The mknotebooks plugin allows you to insert entire jupyter notebooks (.ipynb
files) directly into your MkDocs site. For example:
It's not well documented, but you can optionally remove input cells (the code) from the notebooks. See this example.
Including HTML
There are some great machine learning tools out there that can generate stand-alone HTML reports.
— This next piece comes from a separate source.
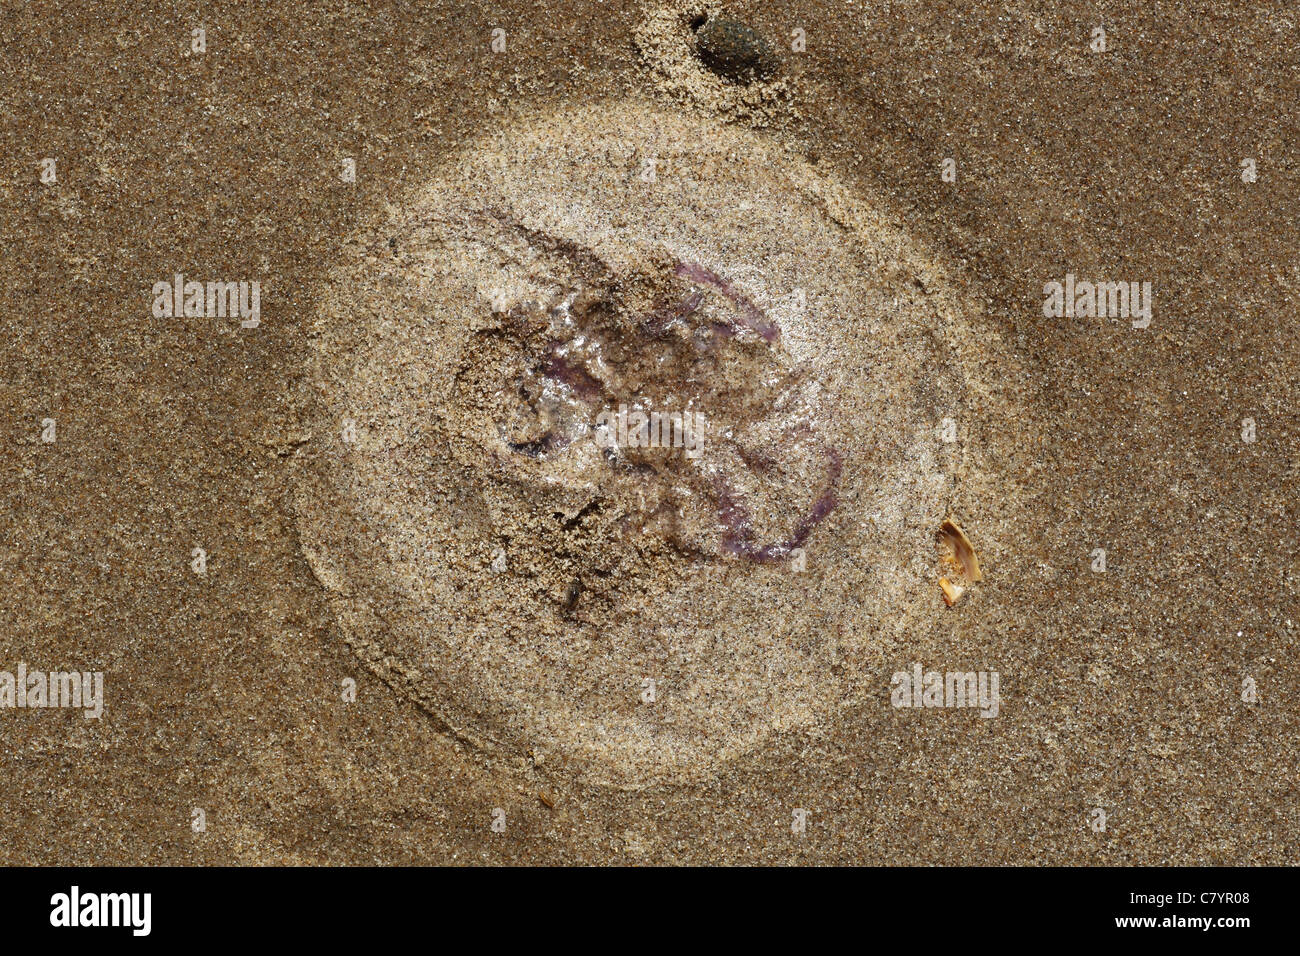 Mond Qualle Aurelia Autrita, am Sandstrand, Gower Wales UK Juli Impressum Stockfoto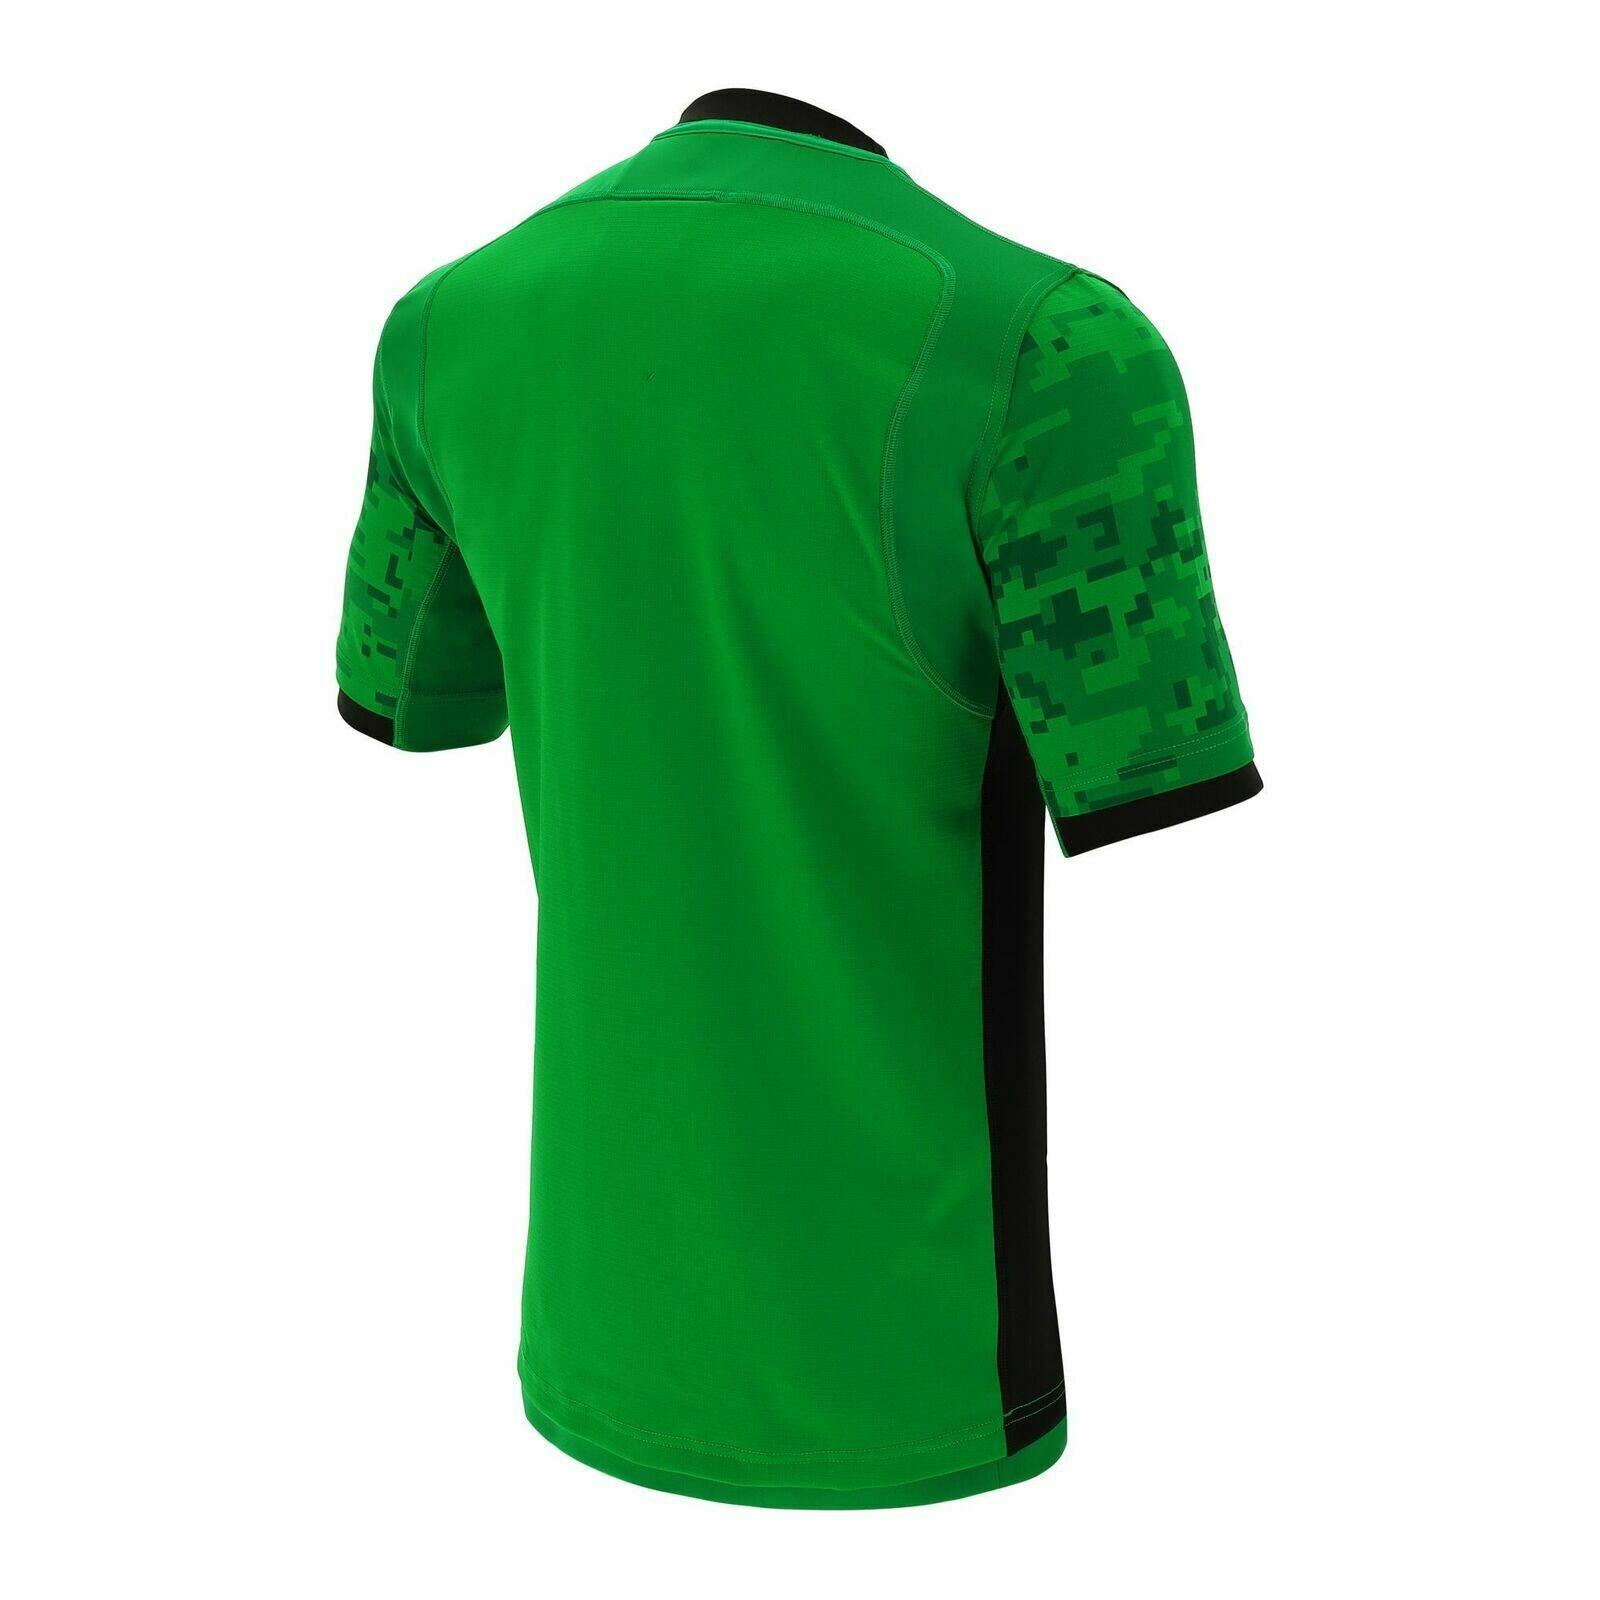 Macron Wales WRU Training Rugby Shirt Adults 58125902 Green 2/4

For example pandas-profiling for exploratory data analysis, or great expectations for data profiling.
You can export those files to docs/assets/html
and simply link to them from your MkDocs navigation:
If it's a small snippet of HTML, you can also use the snippets markdown extension to embed external files, see the example the mkdocs-material docs.
Wrapping up
If you need even more flexibility in inserting content, you can use the mkdocs_macros_plugin to define python functions. Using our machine learning example, you could write a python function get_model_auc()
that queries MLFlow and returns a score. You can then use it anywhere in your markdown files using {% raw %}{{ get_model_auc() }}{% endraw %}
.
You might also want to use mkdocs-git-authors-plugin to automatically add authors of each page by using information from git commits, or mkdocs-git-revision-date-localized-plugin to add the last edited date to each page.
With a now fully reproducible MkDocs website, you can use mkdocs-print-site-plugin export to a PDF or a standalone HTML file (that you can share over HTML).